This workflow is meant to be run as part of a automated continuous deployment job that is used to deploy a new model to production whenever a change is merged into the main repository branch on GitHub.

🏇 How to trigger

  1. merge a PR to the main branch in the GitHub repository, or push changes directly to the main branch.

  2. this next part is automated with the help of GitHub Actions. A GitHub workflow is triggered automatically when code changes land in the main branch. The workflow will run an end-to-end pipeline that goes through model training, same as the training pipeline, compares the model to the one already deployed in production, then deploys the new model if it passes tests. This workflow uses a remote ZenML server and a cloud ZenML stack consisting of the following:

  • a Kubeflow orchestrator deployed in an AWS EKS cluster
  • an S3 artifact store
  • a remote MLflow tracking server
  • Deepchecks as a data/model validator
  • KServe as a model deployer, running on the same EKS cluster

🏇 How to run locally

If you need to run the GitHub staging workflow locally e.g. to debug it or to update it, you can do so by replicating the steps in the GitHub production workflow.
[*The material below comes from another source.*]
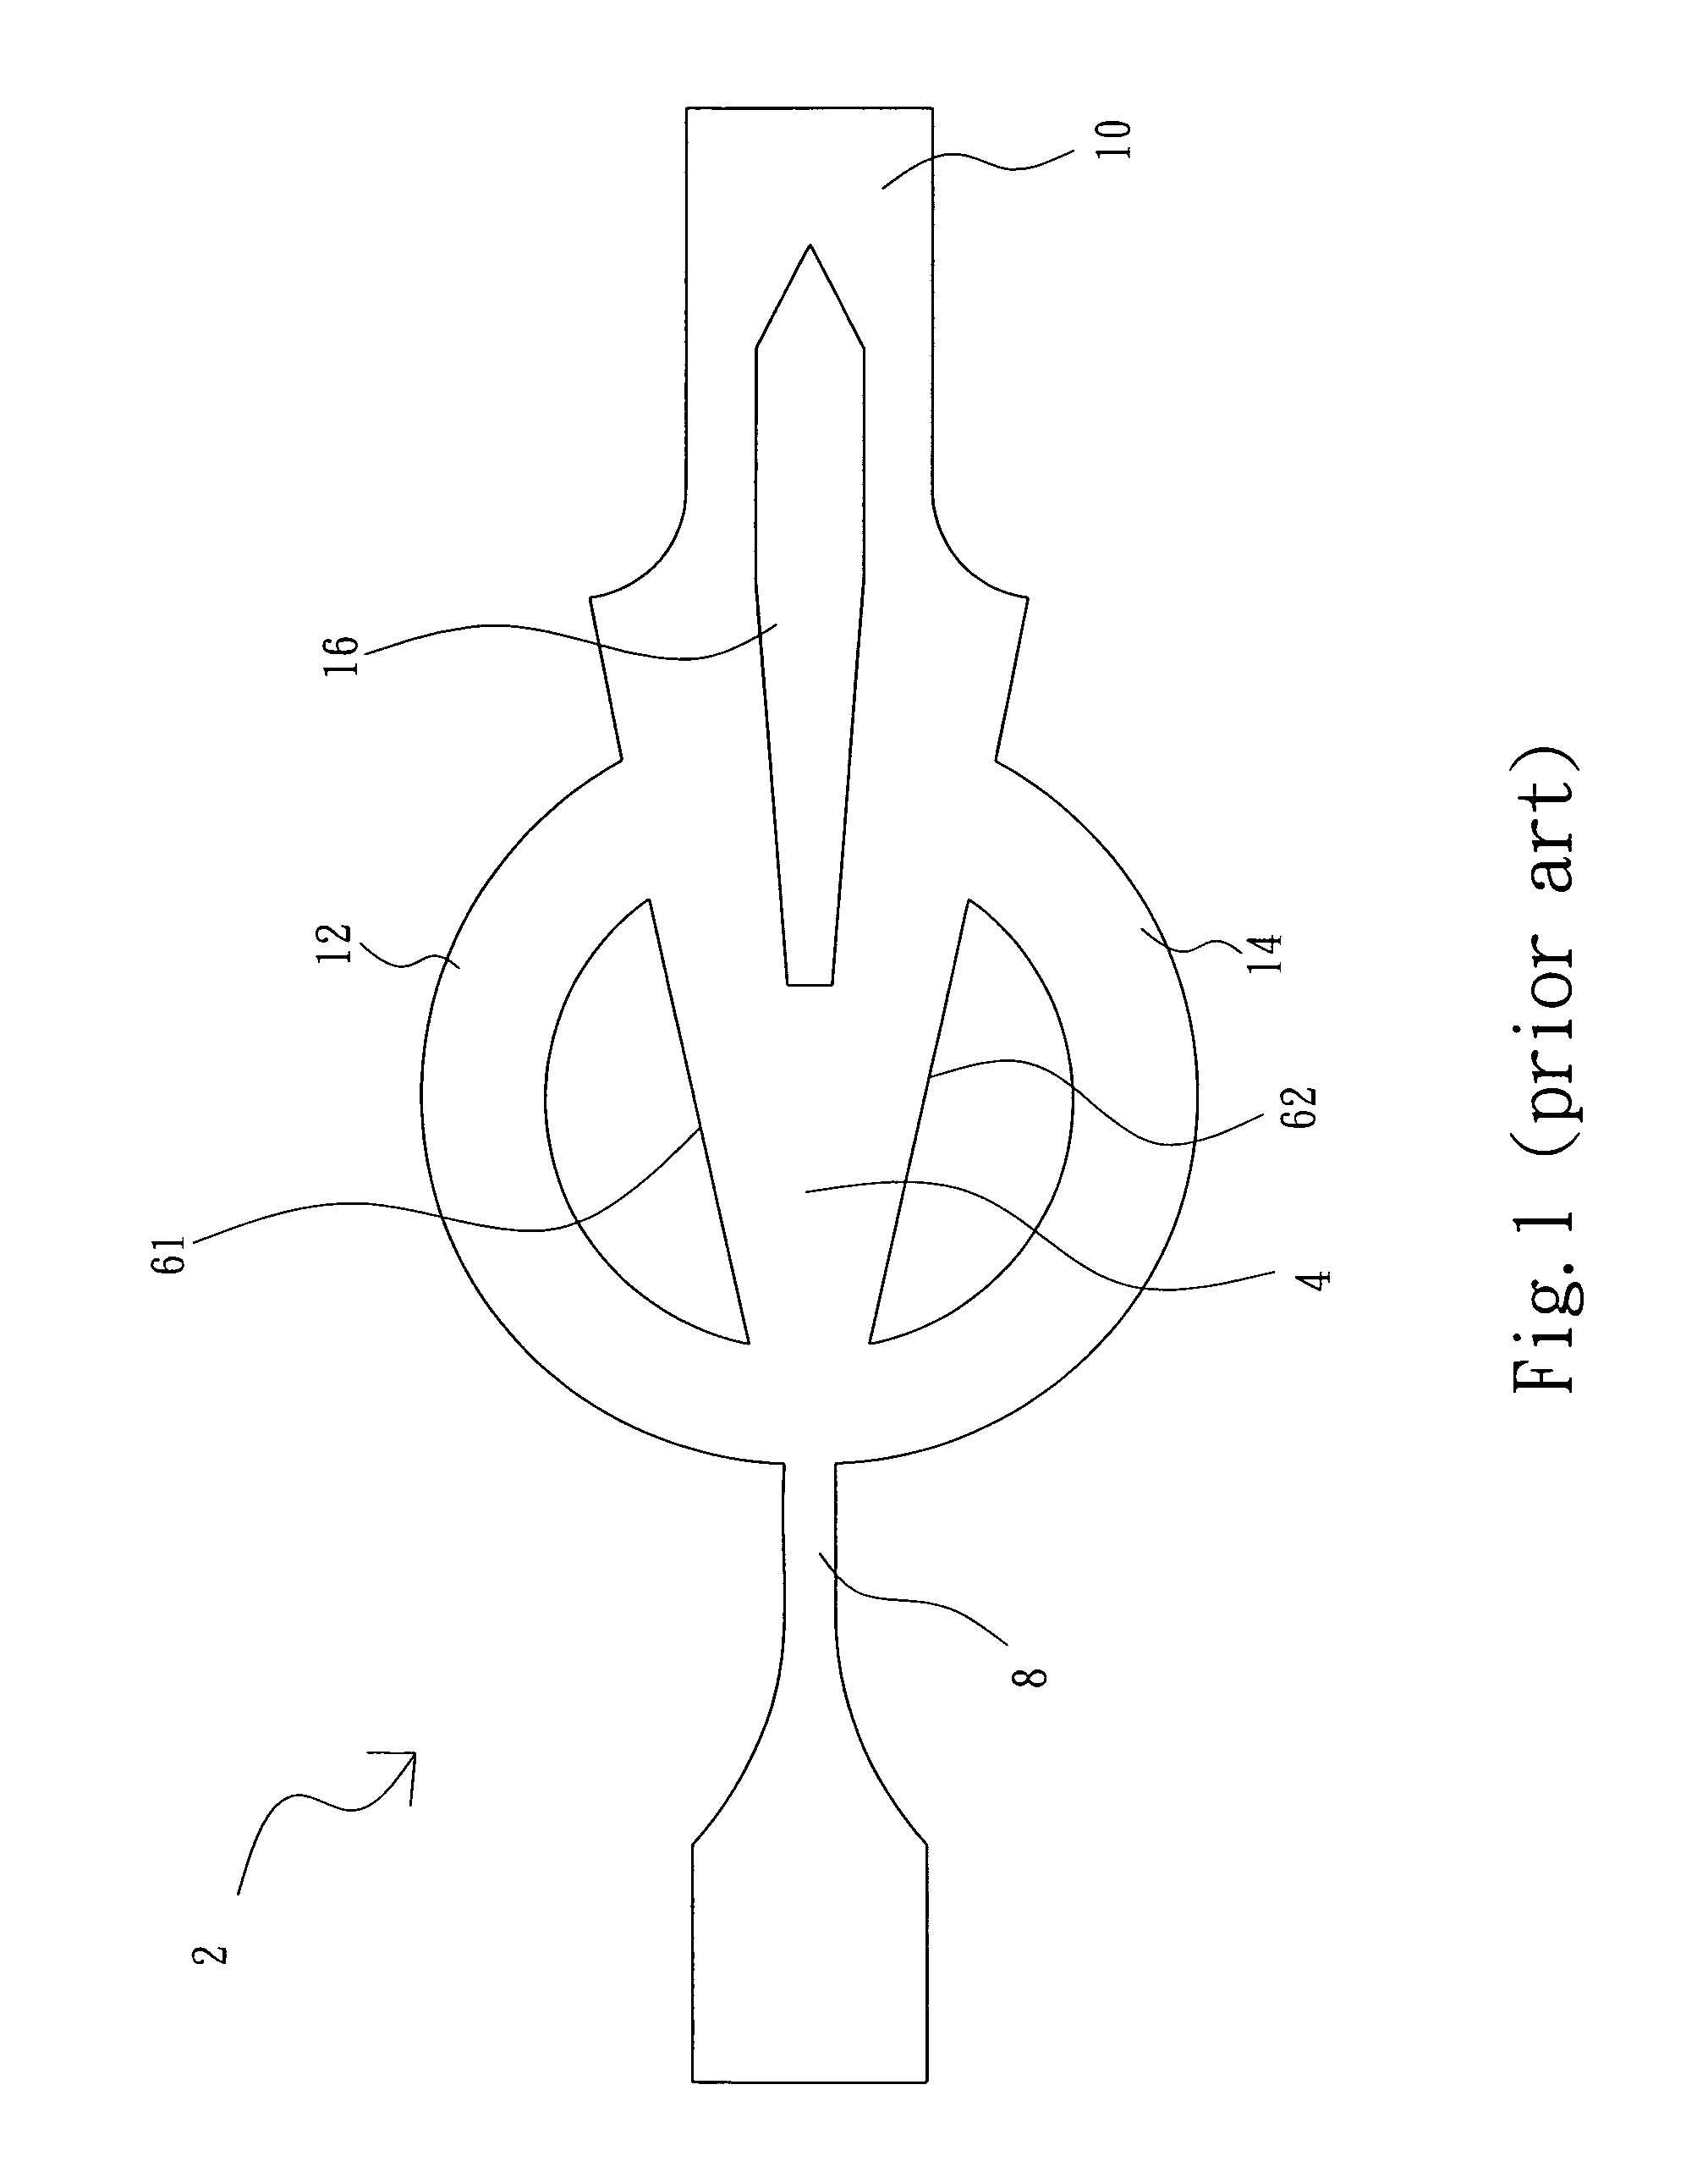 Micro-fluidic oscillator having a sudden expansion region at the nozzle outlet

However, you need to be granted write access to the remote ZenML server and credentials to access cloud resources used in the stack, which is why you should fork the repository, deploy ZenML and run the workflow on your own stack.

Assuming you have already done so, this is how you can run the workflow locally:

  1. Install cloud requirements in a virtual environment (these are different from the local requirements because you're using a GCP cloud stack):
virtualenv .venv-prod
source .venv-prod/bin/activate
pip install -r requirements-aws.txt
  1. Connect to the remote ZenML server (NOTE: the default local ZenML deployment or a local ZenML server will not work because there are remote components in the stack that also need to access the remote ZenML server):
zenml connect --url <ZENML_HOST> --username <ZENML_USERNAME> --password <ZENML_PASSWORD>
  1. Authenticate to AWS:
aws ecr get-login-password --region us-east-1 | docker login --username AWS --password-stdin 715803424590.dkr.ecr.us-east-1.amazonaws.com
aws eks --region eu-central-1 update-kubeconfig --name kubeflowmultitenant --alias zenml-eks
  1. Set up environment variables to access the multi-user Kubeflow orchestrator:
export KUBEFLOW_USERNAME=<username>
export KUBEFLOW_PASSWORD=<password>
export KUBEFLOW_NAMESPACE=<namespace>
  1. Register and/or activate your AWS stack:
stacks/setup_prod_stack.sh

# or

zenml stack set aws_gitflow_stack
  1. Run the staging workflow:
python run.py \
            --pipeline end-to-end \
            --requirements requirements-aws.txt \
            --model iris-classifier \
            --dataset production

📦 Software requirements management

In building ML pipelines and their dependencies for production, you want to make sure that your builds are predictable and deterministic. This requires Python packages to be pinned to very specific versions, including ZenML itself.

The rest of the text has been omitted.